珍しいことを意味する『偶に』は、『稀(まれ)』という言葉に置き換えられます。『実現・存在することが非常に少ないさま』を意味します。

以下は、『稀』の使用例です。

  • この映画は、稀に見る名作だと評判だ
  • 私が海外旅行に行くのはとても稀だ
  • このフルーツはごく稀にしか店頭に並ばない

『偶に』と表現すると『頻繁ではないが、起こる可能性は十分ある』といったニュアンスですが、『稀に』となると『一度きりでもおかしくないほど珍しいさま』といった意味合いになります。

「滅多に」

『~することがたまにある』を否定文で表すと、『~することはめったにない』ともいえます。『めったに』の漢字表記が、『滅多に』です。

『滅多に』が肯定文で使われることはなく、『~ない』を伴って、『非常に珍しいさま』を表します。

  • 彼は普段忙しくて、滅多に時間が取れない
  • こんなにおいしいものはめったに食べられない
  • 彼女は滅多に人前で泣くことはない

ただし、『滅多』自体は、『よくあるさま』を表す言葉です。後に打ち消しの語を伴って『に』が付くか付かないかで意味が真逆になることに注意しておきましょう。

ほかにもある読みにくい難読漢字

水雲

(出典) pixta.jp

誰もが知っている言葉、けれど多くの人が読めない漢字はほかにもあります。普段は平仮名でしかお目にかかれない、二つの難読漢字を紹介します。

「水雲」

『雲』は、難読漢字によく登場する漢字です。『出雲(いずも)』や『雲丹(うに)』は、見聞きしたことがあるという人も多いのではないでしょうか。
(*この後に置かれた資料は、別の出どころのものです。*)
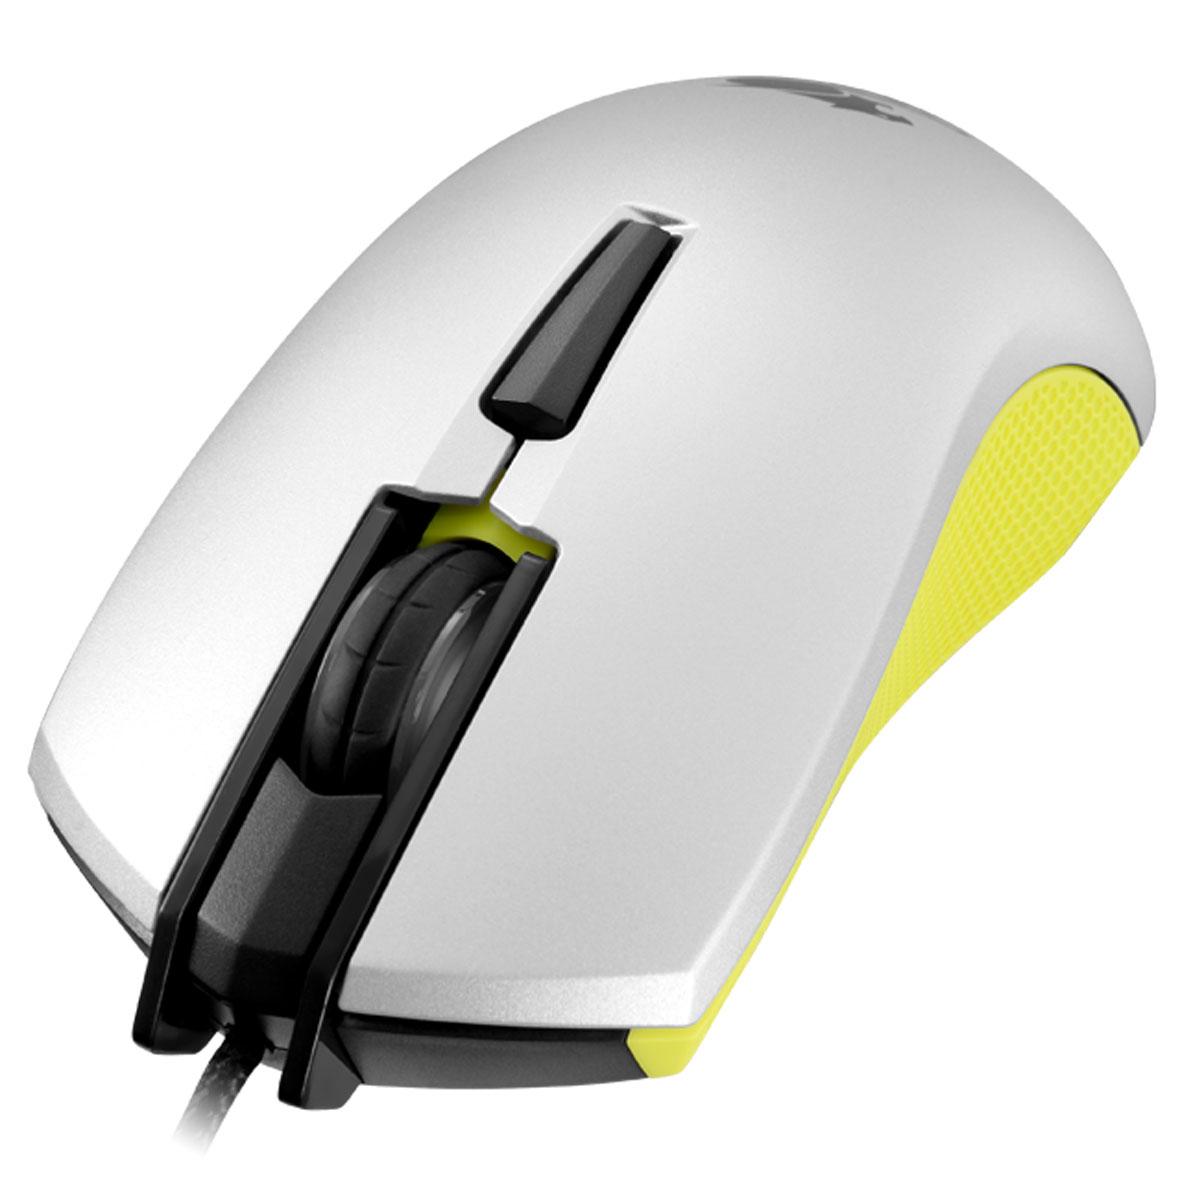 Cougar 230M, Yellow игровая мышьCU230M-YИгровая мышь Cougar 230M с оптическим сенсором продвинутого игрового уровня сочетает в себе доступную цену и функциональность.Продвинутый сенсор 3200 dpi:Сенсорная технология игровой точности 3200 dpi. Высокопроизводительный оптический датчик.Переключатели Omron:Переключатели Omron гарантируют 5 миллионов кликов для самой продолжительной игровой жизни.Переключение On-the-Fly:Система настройки разрешения dpi ON-THE-FLY. Быстрое переключение между различными настройками разрешения - 400/800/1600/3200 dpi.симметричная форма:Удобная форма Cougar 230M идеально подходит для хвата как правой, так и левой рукой, а дополнительные клавиши расположены с обеих сторон, что позволяет и левшам, и правшам использовать полную функциональность мыши.Плетеный Кабель:Прочное и долговечное решение для игроманов, защищает мышь Cougar 230M от износа.Нескользящее боковое покрытие:Мышь держит игровые победы под контролем - корпус устройства имеет высококачественное нескользящее боковое покрытие.Подсветка колесика:Светодиодная подсветка колесика с эффектом дыхания в цвет корпуса.Сенсор: PAW-3307Частота опроса: 1000 ГцВремя отклика: 1 мсСвичи: OMRONСкорость съемки: 3600 FPSМаксимальная скорость слежения: 65 IPSМаксимальное ускорение: 30G

さて、『水雲』はどう読むかというと、答えは『もずく』です。昆布やワカメと同じく、よく食卓に上る海藻の仲間で、三杯酢で味付けされた『もずく酢』がなじみのあるレシピです。

『水雲』のほかにも、『海蘊』『海雲』『藻付』と表記されることもあります。なお、難しい漢字の『蘊』は『うん』と読み、『積み蓄える』といった意味があります。

「湯湯婆」

『湯湯婆』の読み方のヒントは、主に冬に布団の中に入れて使うものです。布団の中で使うお湯といったら、想像がつく人もいるのではないでしょうか。

答えは、『ゆたんぽ』です。日本の漢字の多くは、中国から伝わってきました。『湯』を『タン』、『婆』を『ポ』と読むのは、宋(中国)以降の字音から伝わったものです。

『湯婆(たんぽ)』は湯を入れる容器を指します。そこに温かい湯を入れることで、『湯』の字をプラスして『湯湯婆(ゆたんぽ)』となりました。